The numbers are sobering. The problem is immense.
In a special report presented over the past week, our fellow McClatchy journalists put faces on the heavy and often hidden cost of America's atomic weaponry.
A total of 107,394 workers have been diagnosed with cancers and other diseases after building the nation's nuclear stockpile over the last seven decades. At least 33,480 former nuclear workers are dead after helping the U.S. win World War II and the Cold War before getting sick enough to qualify for government compensation.
Taxpayers have spent $12 billion so far treating and compensating more than 53,000 sick nuclear workers.
But fewer than half the workers who sought help had their claims approved.

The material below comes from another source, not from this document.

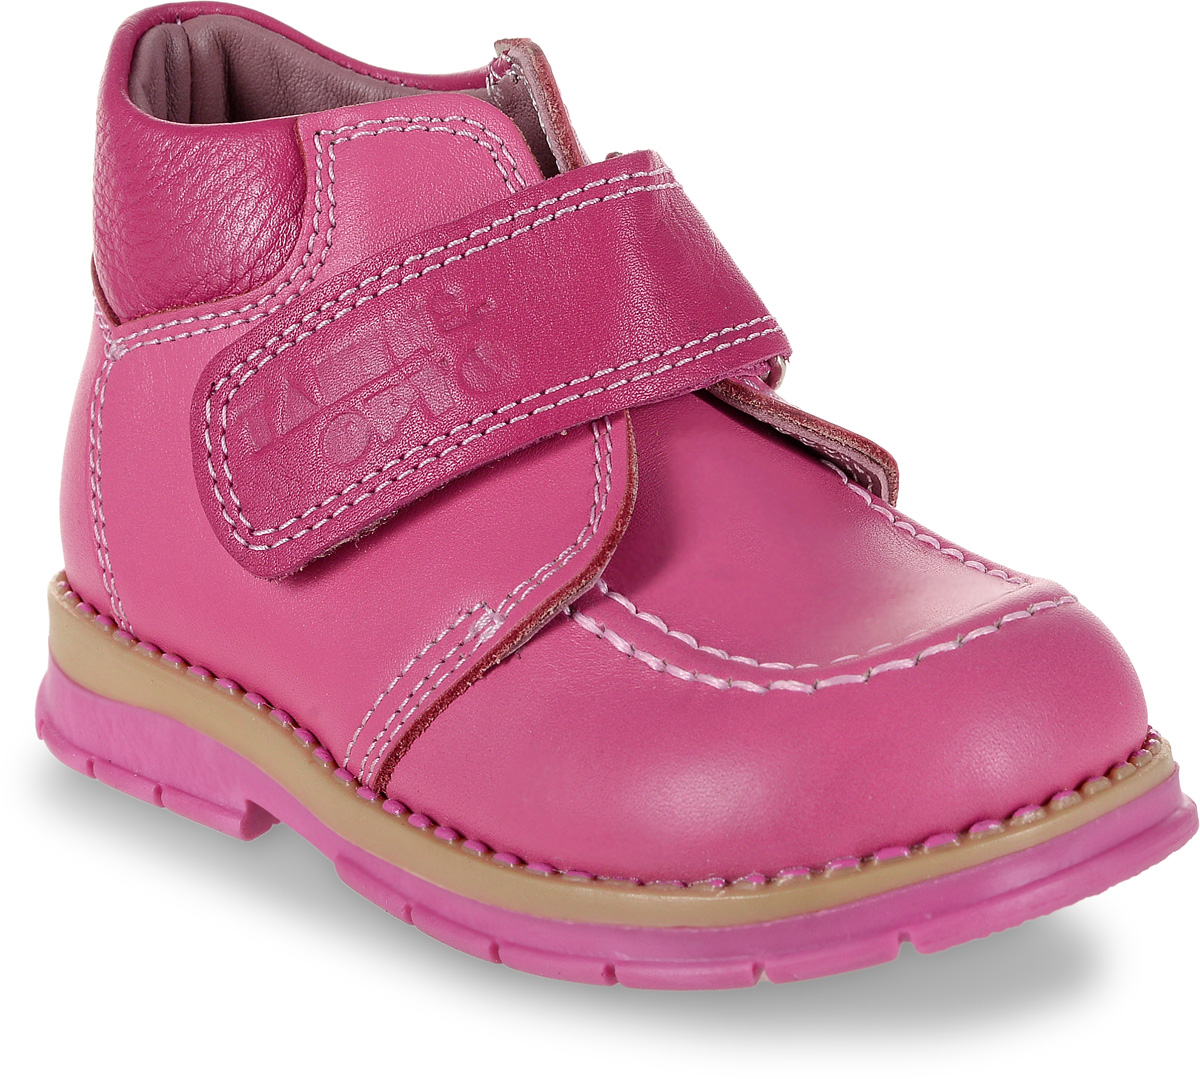 Ботинки для девочки Таши Орто, цвет: розовый. 241-45. Размер 22

More than 54,000 workers have been denied government help. Some say the government's tactic is to "Delay, deny, until you die."
South Carolina, home to the Savannah River Site outside Aiken, has certainly paid a toll to the silent killer. The site that turned 65 this year was established by President Truman to produce the basic materials used in the fabrication of nuclear weapons.
Nearly 40 million gallons of highly radioactive nuclear waste remains at SRS -- 90 miles up the Savannah River from where much of Beaufort County's drinking water is withdrawn. The waste is stored in aging tanks.
And the federal government's poor record for helping its workers is matched or exceeded by its miserable record of dealing with the nuclear waste that will threaten workers and communities ad infinitum.
Earlier, McClatchy reported that the United States already has generated more than 80,000 tons of spent nuclear fuel and high-level nuclear waste, and the toxic materials are stored at some 80 sites in 35 states.
The answer is a central repository, and in 1987, after immense study, Congress decreed that site would be under Yucca Mountain in Nevada. There, nuclear waste would not be a human threat for at least 10,000 years. The government spent more than $15 billion preparing to accept the waste by Congress' 1998 deadline. Utility customers also have paid billions into this solution. But President Barack Obama egregiously mothballed Yucca Mountain as soon as he became president.
What we see is a nation in denial. We see a nation willing to consider workers in its hodgepodge of nuclear sites to be collateral damage. We see a nation that has grossly underestimated the cost to the workers.
And we see a nation that for pure politics will endanger entire communities and states by failing to confront its sick legacy of the atomic age.
We see a nation that should do much better by its own people.